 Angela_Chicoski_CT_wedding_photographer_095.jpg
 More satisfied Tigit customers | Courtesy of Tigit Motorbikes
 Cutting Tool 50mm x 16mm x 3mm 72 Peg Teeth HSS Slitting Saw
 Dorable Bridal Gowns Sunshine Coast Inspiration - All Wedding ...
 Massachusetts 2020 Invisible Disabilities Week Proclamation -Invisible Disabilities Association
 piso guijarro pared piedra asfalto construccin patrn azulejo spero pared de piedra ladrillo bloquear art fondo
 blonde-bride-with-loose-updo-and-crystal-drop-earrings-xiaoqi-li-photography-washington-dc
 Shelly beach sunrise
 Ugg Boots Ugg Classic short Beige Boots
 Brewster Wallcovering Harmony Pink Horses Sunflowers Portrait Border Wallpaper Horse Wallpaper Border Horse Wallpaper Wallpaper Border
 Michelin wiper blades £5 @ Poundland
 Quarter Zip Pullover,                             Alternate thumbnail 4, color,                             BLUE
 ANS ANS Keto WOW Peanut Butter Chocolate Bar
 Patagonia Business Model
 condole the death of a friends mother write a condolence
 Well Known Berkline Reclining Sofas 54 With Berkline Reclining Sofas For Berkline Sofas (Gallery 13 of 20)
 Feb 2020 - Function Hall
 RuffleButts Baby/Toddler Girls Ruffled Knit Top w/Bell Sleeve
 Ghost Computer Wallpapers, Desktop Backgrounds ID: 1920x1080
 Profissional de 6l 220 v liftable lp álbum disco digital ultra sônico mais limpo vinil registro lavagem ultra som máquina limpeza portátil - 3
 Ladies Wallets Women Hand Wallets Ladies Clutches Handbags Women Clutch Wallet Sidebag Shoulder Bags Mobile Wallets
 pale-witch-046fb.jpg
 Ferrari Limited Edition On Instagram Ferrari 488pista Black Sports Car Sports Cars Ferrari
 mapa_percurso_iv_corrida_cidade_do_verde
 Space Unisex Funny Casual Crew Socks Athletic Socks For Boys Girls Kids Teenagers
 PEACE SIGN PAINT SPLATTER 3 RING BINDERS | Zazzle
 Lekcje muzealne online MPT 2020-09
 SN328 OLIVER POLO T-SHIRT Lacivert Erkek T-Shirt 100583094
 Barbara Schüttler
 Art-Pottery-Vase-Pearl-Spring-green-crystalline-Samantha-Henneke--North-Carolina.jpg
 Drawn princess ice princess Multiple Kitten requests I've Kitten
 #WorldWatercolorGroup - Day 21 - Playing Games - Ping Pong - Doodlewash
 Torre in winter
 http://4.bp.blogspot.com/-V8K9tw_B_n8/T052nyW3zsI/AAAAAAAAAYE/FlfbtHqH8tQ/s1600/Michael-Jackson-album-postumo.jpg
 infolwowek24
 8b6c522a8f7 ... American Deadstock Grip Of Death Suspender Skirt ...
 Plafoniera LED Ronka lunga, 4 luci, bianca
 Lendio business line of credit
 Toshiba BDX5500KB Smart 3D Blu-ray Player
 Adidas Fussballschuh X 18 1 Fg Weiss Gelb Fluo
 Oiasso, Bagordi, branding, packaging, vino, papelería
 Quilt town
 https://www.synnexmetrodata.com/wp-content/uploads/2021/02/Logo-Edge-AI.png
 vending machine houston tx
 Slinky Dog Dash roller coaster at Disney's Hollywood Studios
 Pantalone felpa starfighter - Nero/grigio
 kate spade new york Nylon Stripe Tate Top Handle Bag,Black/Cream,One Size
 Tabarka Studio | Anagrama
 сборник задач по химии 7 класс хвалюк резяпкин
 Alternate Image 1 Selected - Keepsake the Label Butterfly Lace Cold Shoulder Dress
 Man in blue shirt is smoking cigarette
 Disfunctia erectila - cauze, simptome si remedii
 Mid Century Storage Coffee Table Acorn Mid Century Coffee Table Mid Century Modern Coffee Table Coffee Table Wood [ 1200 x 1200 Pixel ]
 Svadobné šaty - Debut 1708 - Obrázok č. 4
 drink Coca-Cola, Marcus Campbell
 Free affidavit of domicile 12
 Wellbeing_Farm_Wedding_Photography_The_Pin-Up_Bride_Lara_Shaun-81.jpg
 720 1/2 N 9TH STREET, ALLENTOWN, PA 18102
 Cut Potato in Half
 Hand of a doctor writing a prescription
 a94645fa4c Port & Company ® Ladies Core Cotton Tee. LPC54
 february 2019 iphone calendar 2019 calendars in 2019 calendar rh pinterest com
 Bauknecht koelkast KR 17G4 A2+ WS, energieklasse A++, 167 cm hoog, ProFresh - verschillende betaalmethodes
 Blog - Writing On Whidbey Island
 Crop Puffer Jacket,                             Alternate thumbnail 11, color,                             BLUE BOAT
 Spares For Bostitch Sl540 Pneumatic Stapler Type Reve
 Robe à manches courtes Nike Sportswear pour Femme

········

*WHAT IS REQUIRED*: All lines above from the one containing "Barbara Schüttler" to the one containing "february 2019 iphone" must be repeated exactly, both lines included, and no others.

*EXPECTED OUTPUT*:
 Barbara Schüttler
 Art-Pottery-Vase-Pearl-Spring-green-crystalline-Samantha-Henneke--North-Carolina.jpg
 Drawn princess ice princess Multiple Kitten requests I've Kitten
 #WorldWatercolorGroup - Day 21 - Playing Games - Ping Pong - Doodlewash
 Torre in winter
 http://4.bp.blogspot.com/-V8K9tw_B_n8/T052nyW3zsI/AAAAAAAAAYE/FlfbtHqH8tQ/s1600/Michael-Jackson-album-postumo.jpg
 infolwowek24
 8b6c522a8f7 ... American Deadstock Grip Of Death Suspender Skirt ...
 Plafoniera LED Ronka lunga, 4 luci, bianca
 Lendio business line of credit
 Toshiba BDX5500KB Smart 3D Blu-ray Player
 Adidas Fussballschuh X 18 1 Fg Weiss Gelb Fluo
 Oiasso, Bagordi, branding, packaging, vino, papelería
 Quilt town
 https://www.synnexmetrodata.com/wp-content/uploads/2021/02/Logo-Edge-AI.png
 vending machine houston tx
 Slinky Dog Dash roller coaster at Disney's Hollywood Studios
 Pantalone felpa starfighter - Nero/grigio
 kate spade new york Nylon Stripe Tate Top Handle Bag,Black/Cream,One Size
 Tabarka Studio | Anagrama
 сборник задач по химии 7 класс хвалюк резяпкин
 Alternate Image 1 Selected - Keepsake the Label Butterfly Lace Cold Shoulder Dress
 Man in blue shirt is smoking cigarette
 Disfunctia erectila - cauze, simptome si remedii
 Mid Century Storage Coffee Table Acorn Mid Century Coffee Table Mid Century Modern Coffee Table Coffee Table Wood [ 1200 x 1200 Pixel ]
 Svadobné šaty - Debut 1708 - Obrázok č. 4
 drink Coca-Cola, Marcus Campbell
 Free affidavit of domicile 12
 Wellbeing_Farm_Wedding_Photography_The_Pin-Up_Bride_Lara_Shaun-81.jpg
 720 1/2 N 9TH STREET, ALLENTOWN, PA 18102
 Cut Potato in Half
 Hand of a doctor writing a prescription
 a94645fa4c Port & Company ® Ladies Core Cotton Tee. LPC54
 february 2019 iphone calendar 2019 calendars in 2019 calendar rh pinterest com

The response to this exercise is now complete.